By taking the device register numbers from the device data structure, we allow one device driver to be used for multiple similar devices on the same machine.

1/9 got this correct, 4/5 earned no credit. Partial credit was offered to those who suggested that it improved portability (it does, but named symbolic constants allow equal portability). No credit was offered to those who thought that, somehow, the identity of the device registers for one device might change dynamically while a system is running, or that, somehow, making something a variable makes it easier to debug or more reliable than having that thing be constant (invariable, making things variables makes debugging harder and increases the likelihood of bugs).

b) Why does this code set the enable bit in the device control register?

If the input queue is full, the input interrupt service routine returns leaving the enable bit reset. Because stream_get() does a dequeue, it guarantees that there will be space in the queue, so it sets the enable bit just in case it had been reset for a full queue.

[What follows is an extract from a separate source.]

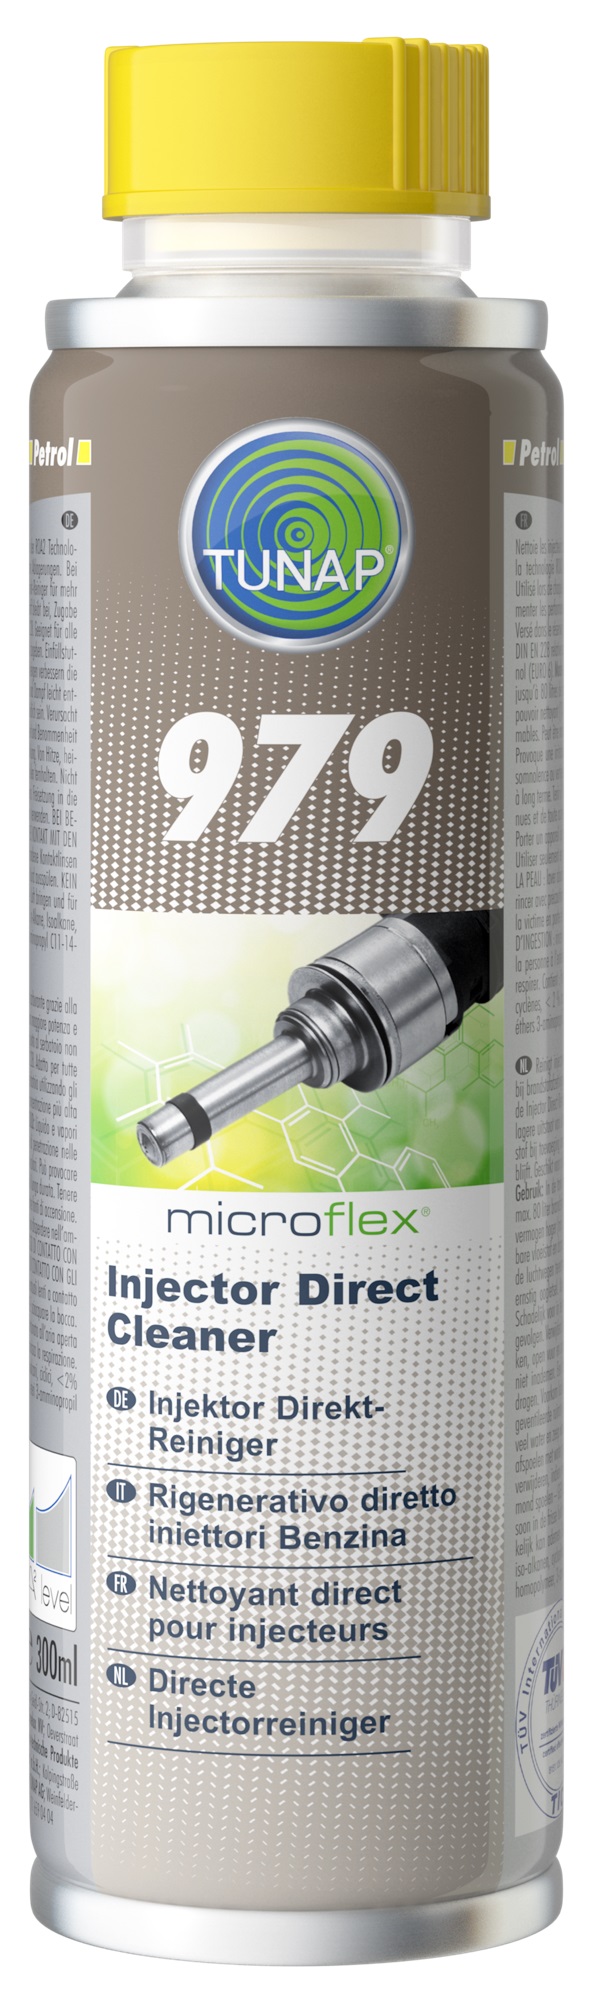 979 Injektor Direkt-Reiniger

1/9 got this right, 4/5 earned no credit. Partial credit was offered to those who failed to mention that the interrupt might have been disabled or failed to mention that it was re-enabled to indicate that there was space in the queue. Many wrong answers got input and output turned around, or confused the stream-device support inside the device driver with the middleware layer discussed in the previous problem.

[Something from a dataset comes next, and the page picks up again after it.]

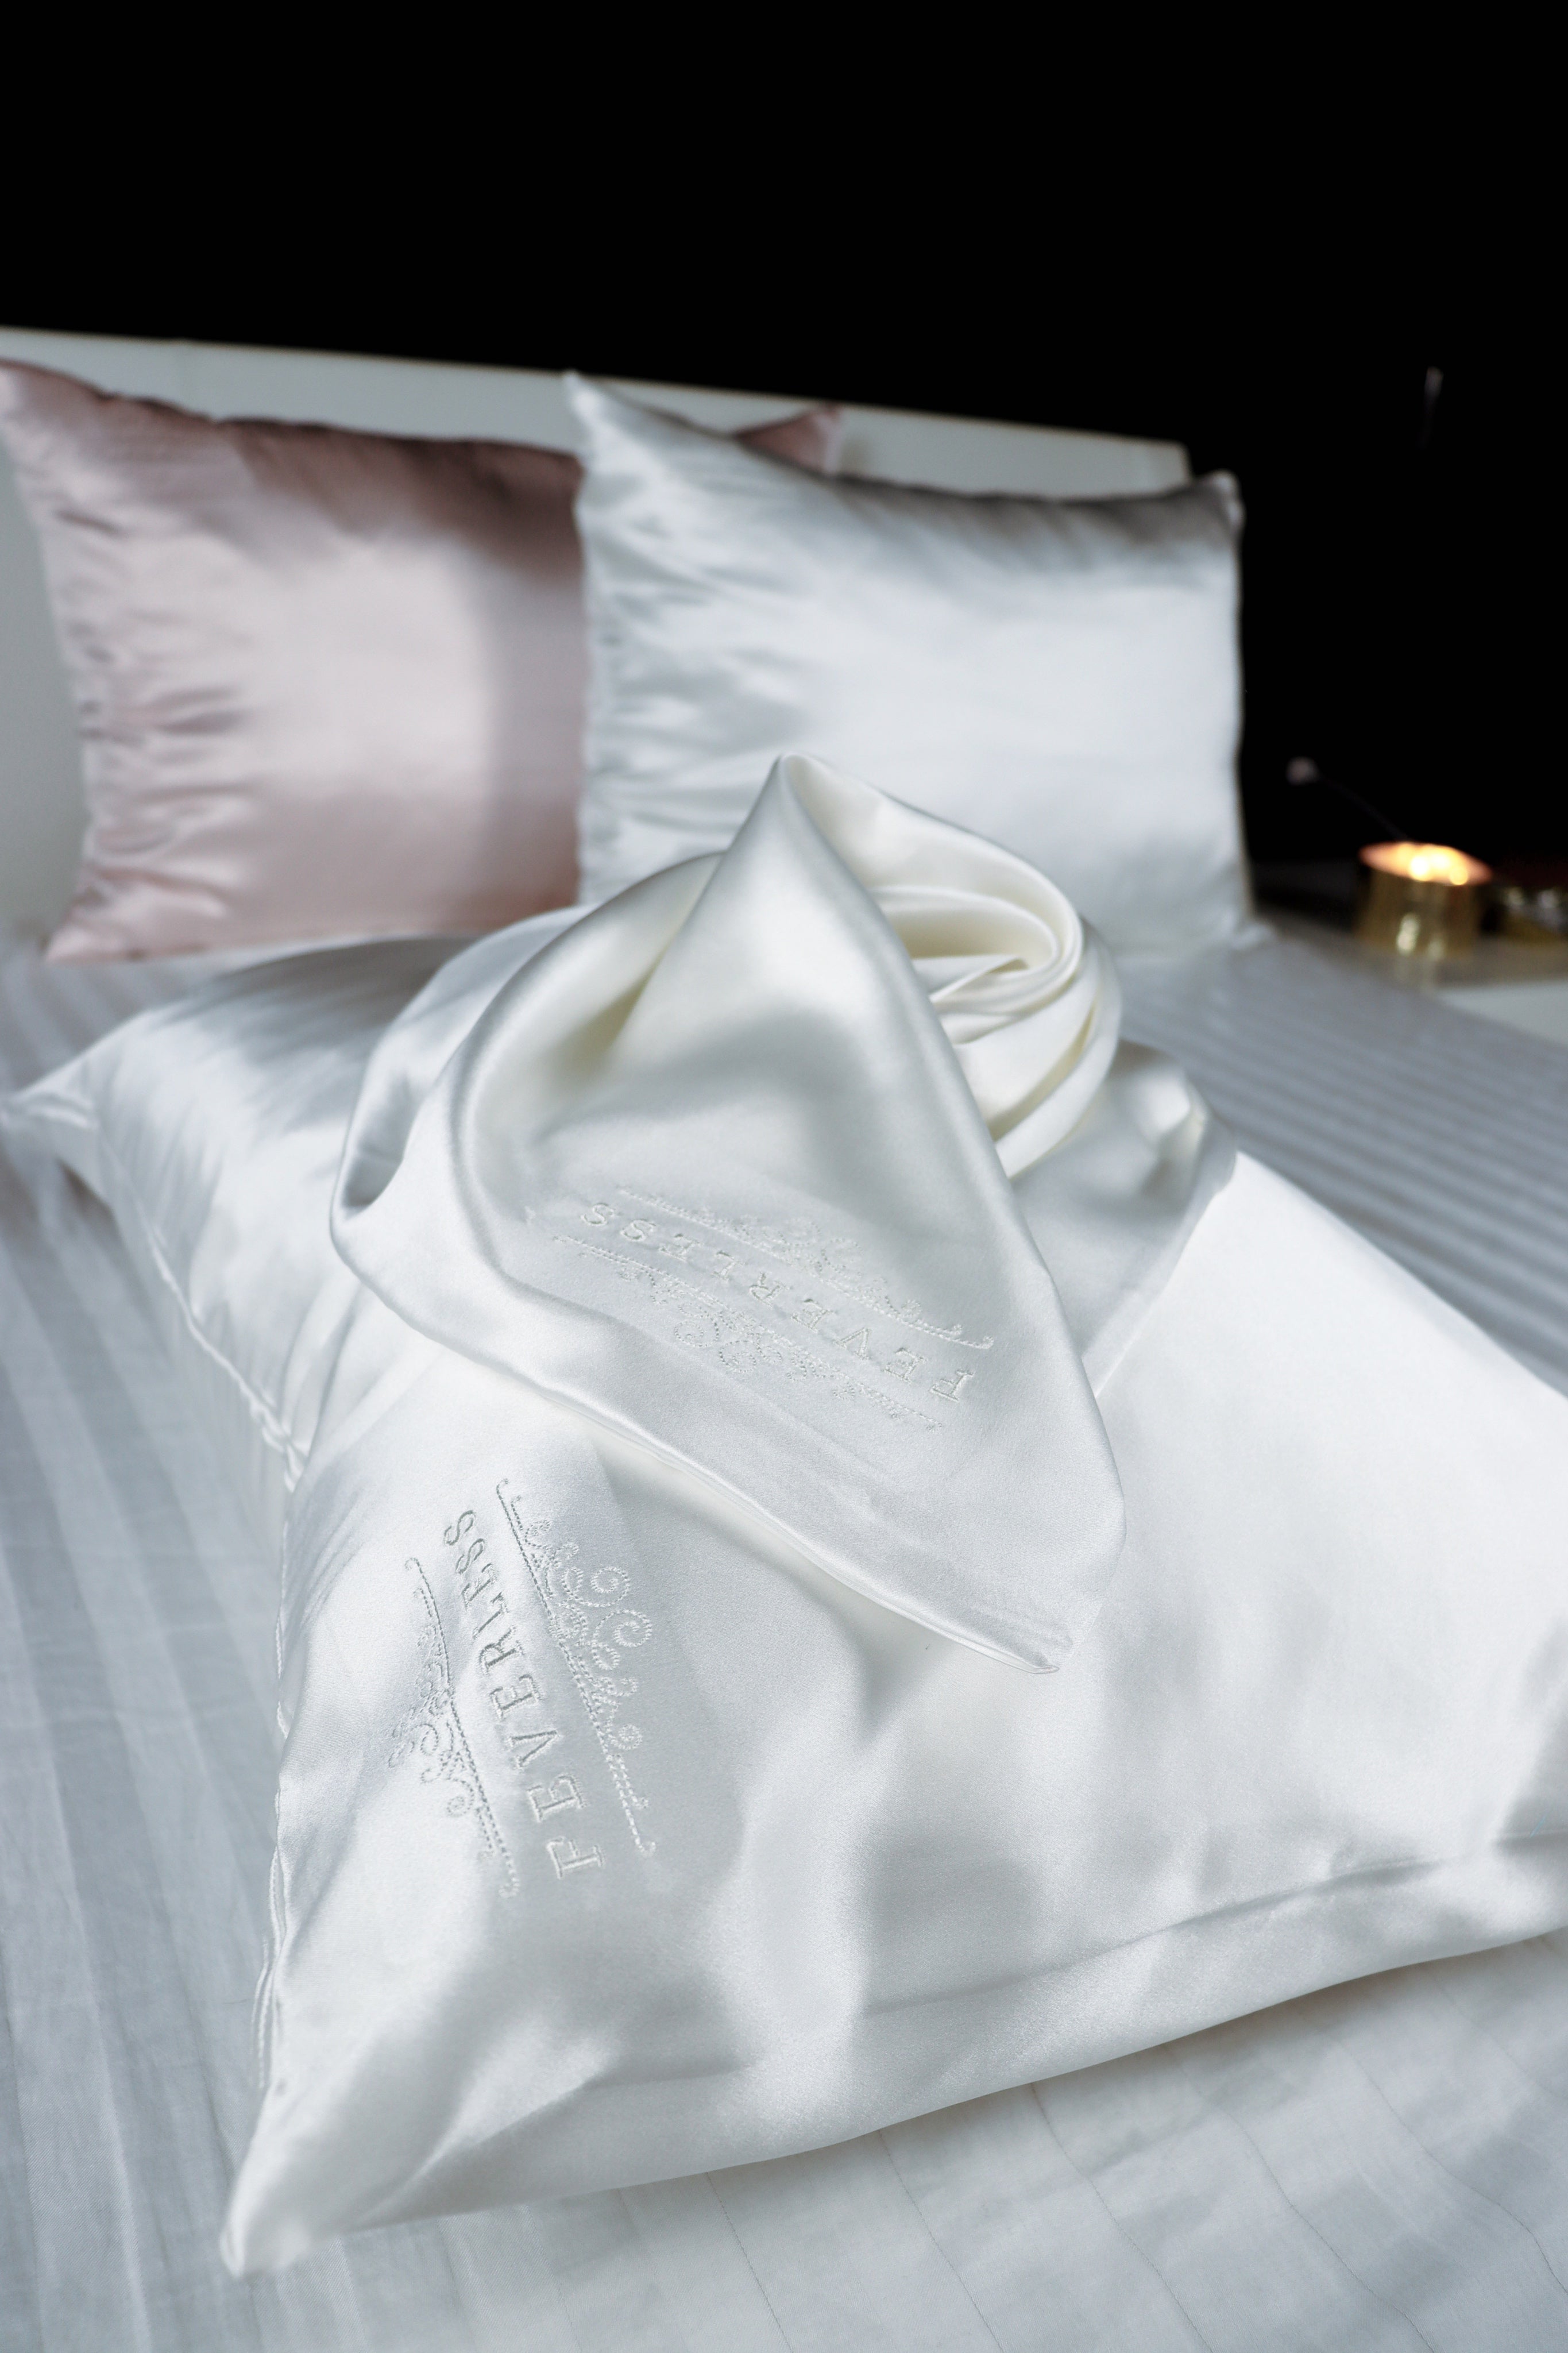 Glowing Hair & Skin SET - STANDARD Size Curling Kit + 1 FeverLess Pillowcase in WHITE Natural Silk

c) The code to set the enable bit first reads the control register and then writes it. Why not just write a constant to the control register to reset the bit?

Writing a constant to the control register sets the values of all the bits in the register instead of just setting the enable bit. The other bits might contain something that matters and must not be changed.

1/2 got this right, 2/5 earned no credit. There were some answers that were vague but contained enough to offer partial credit.

d) There is a critical seciton in this code where interrupts must be disabled. Identify it.

The critical section runs from line 4 to 8. In detail, we might protect it as follows, but nobody was expected to give this much detail:

``` 1  char stream_get( stream_device * s ){
2          char ch;
3          int r;
disable_interrupts();
4          while (char_queue_empty( s->queue )) do {
enable_interrupts();
/* nothing */
disable_interrupts();
}
5          ch = char_queue_dequeue( s->queue );
6          r = inp( s->control_register );
7          r = r | s->enable_bit;
8          outp( s->control_register, r );
enable_interrupts();
9          return ch;
10  }
```

Just 1 got this right, while 1/2 earned no credit. Good partial credit was given to the 1/10 who saw lines 5-8 as critical. Half credit was offered to the 1/5 who saw lines 6 to 8 as a critical section, or to the 1/17 who saw lines 4 and 5 as critical. Smaller partial credit was given to those who specified smaller parts of the critical sections.

There are actually 3 different issues here:

1. An interrupt between lines 4 and 5 might somehow let an item be removed fro the queue, perhaps because someone else called stream_get() to swipe the character from the queue.
2. An interrupt between lines 5 and 6 might put data in the queue, filling it and therefore making it improper for the get routine to re-enable interrupts.
3. An interrupt between lines 6 and 8 might change some other bit in the control register that will be undone by line 8.

Of the above, the last was most obvious to those taking this exam.